For now we will limit the engine to a single SPARQL endpoint. The
computation of Facets over multiple datasets is something that has to
be studied. In fact, it is not only about "adding up" the facets
computed on each dataset. It will definitely touch upon distributed
querying.

( or not? )



Linked Data ( On Demand )

The "Linking Open Data" initiative protocols are being widely deployed
and they hold great promeses for the immediate uptake of the Semantic
Web.

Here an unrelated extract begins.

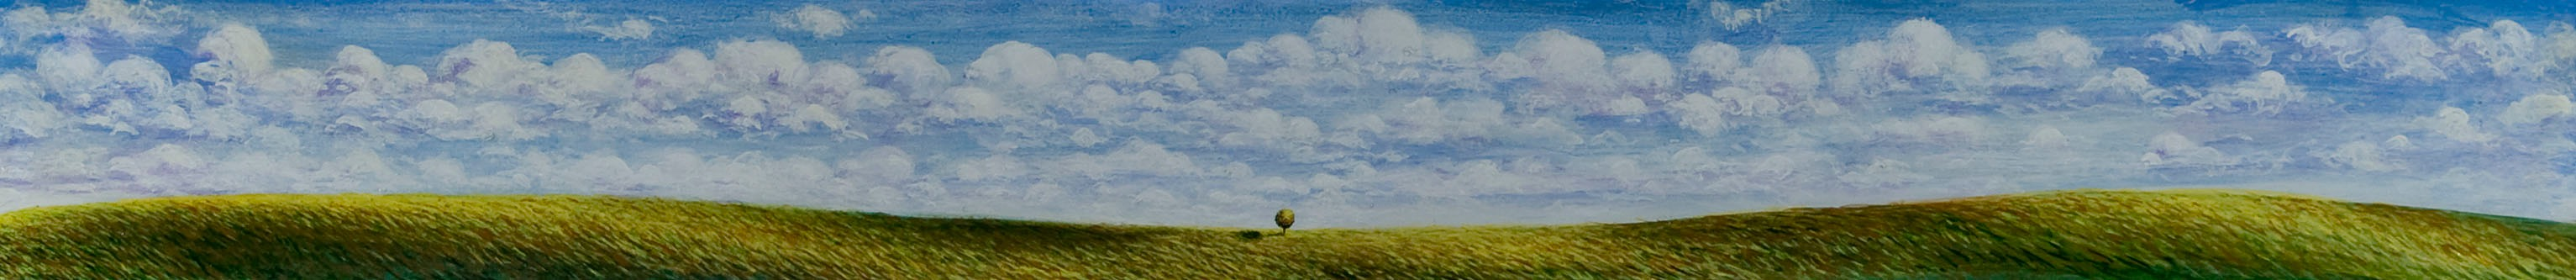 Copy of single tree horizon II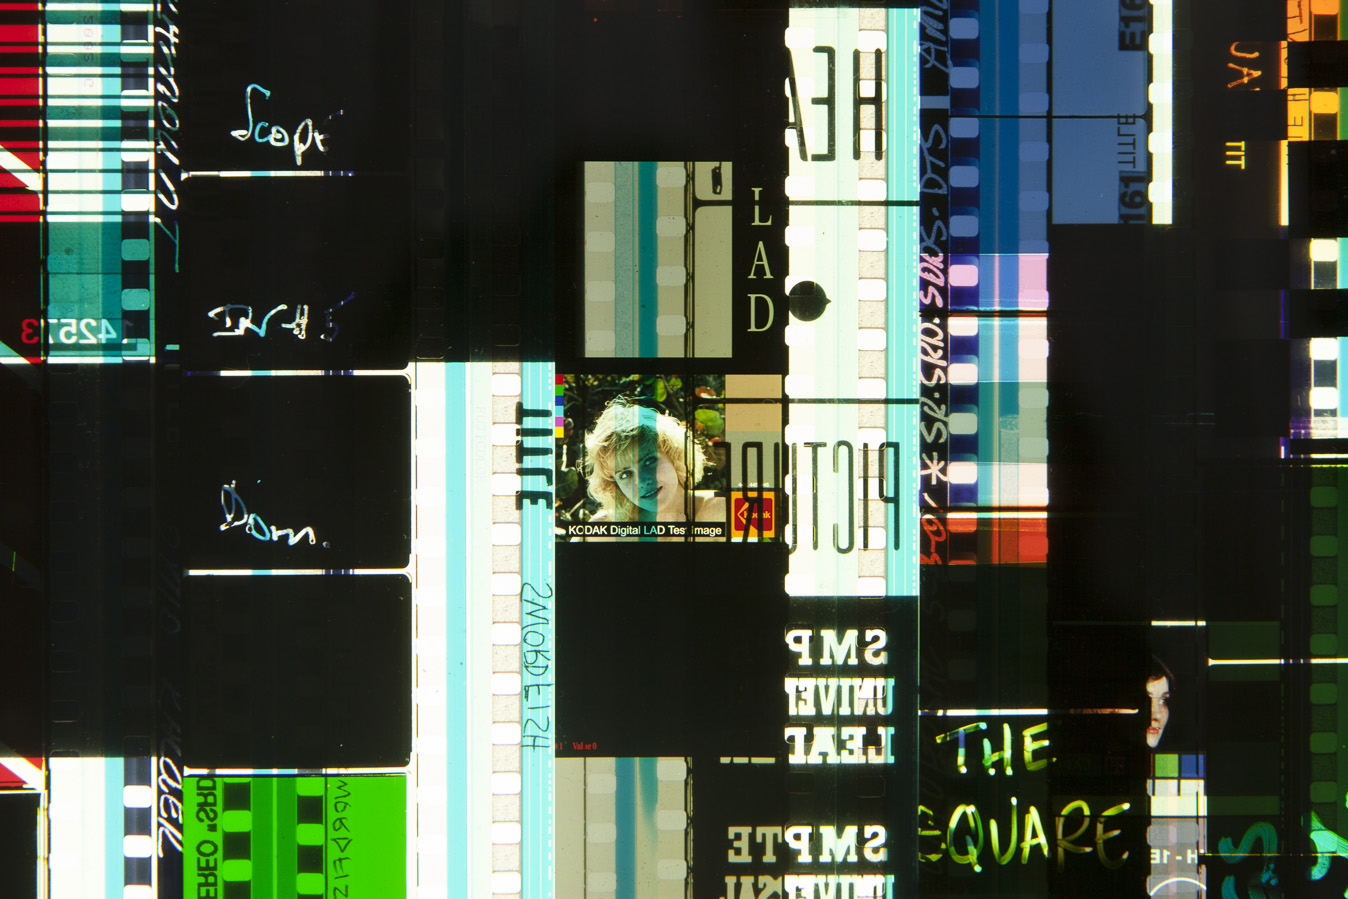 Ascending Leaders 2.35mm Celluloid Film, Fluorescent Lights, Custom Lightbox. 30x30x6. Richard Kerr. 2016. (Detail).

Skipper should provide a built in and configurable scutter
capable of automatically harvesting RDF data as directed navigation
happens.
Scuttering policies should be configurable BUT we should emphasize
some generic convention.
Again, delegated auth seems necessary here.



Search Federation ( Sindice et al. )

RDF Indexes should provide a generic, discoverable interface in a
standardized vocabulary.  If this happens, Skippr will understand them
and provide integrated free text search to clients.


Provenance

Skippr should manage and provide provenance data for client
introspection.  Ideally, it should hide "quads" and only present
triples to clients while still allowing them to perform queries like
"Who states that foo:bar costs US$5??" as well as retract complete
sources.

The mythical "Oh Yeah!" button should be somewhere down this road.


SPARQL Endpoint Management and Federation

Duh, I just implemented a federated sparql engine on a lightweight
platform and... it was not fun!
Somebody else please.



Have a nice Weekend,
Al

Received on Saturday, 12 January 2008 09:51:57 UTC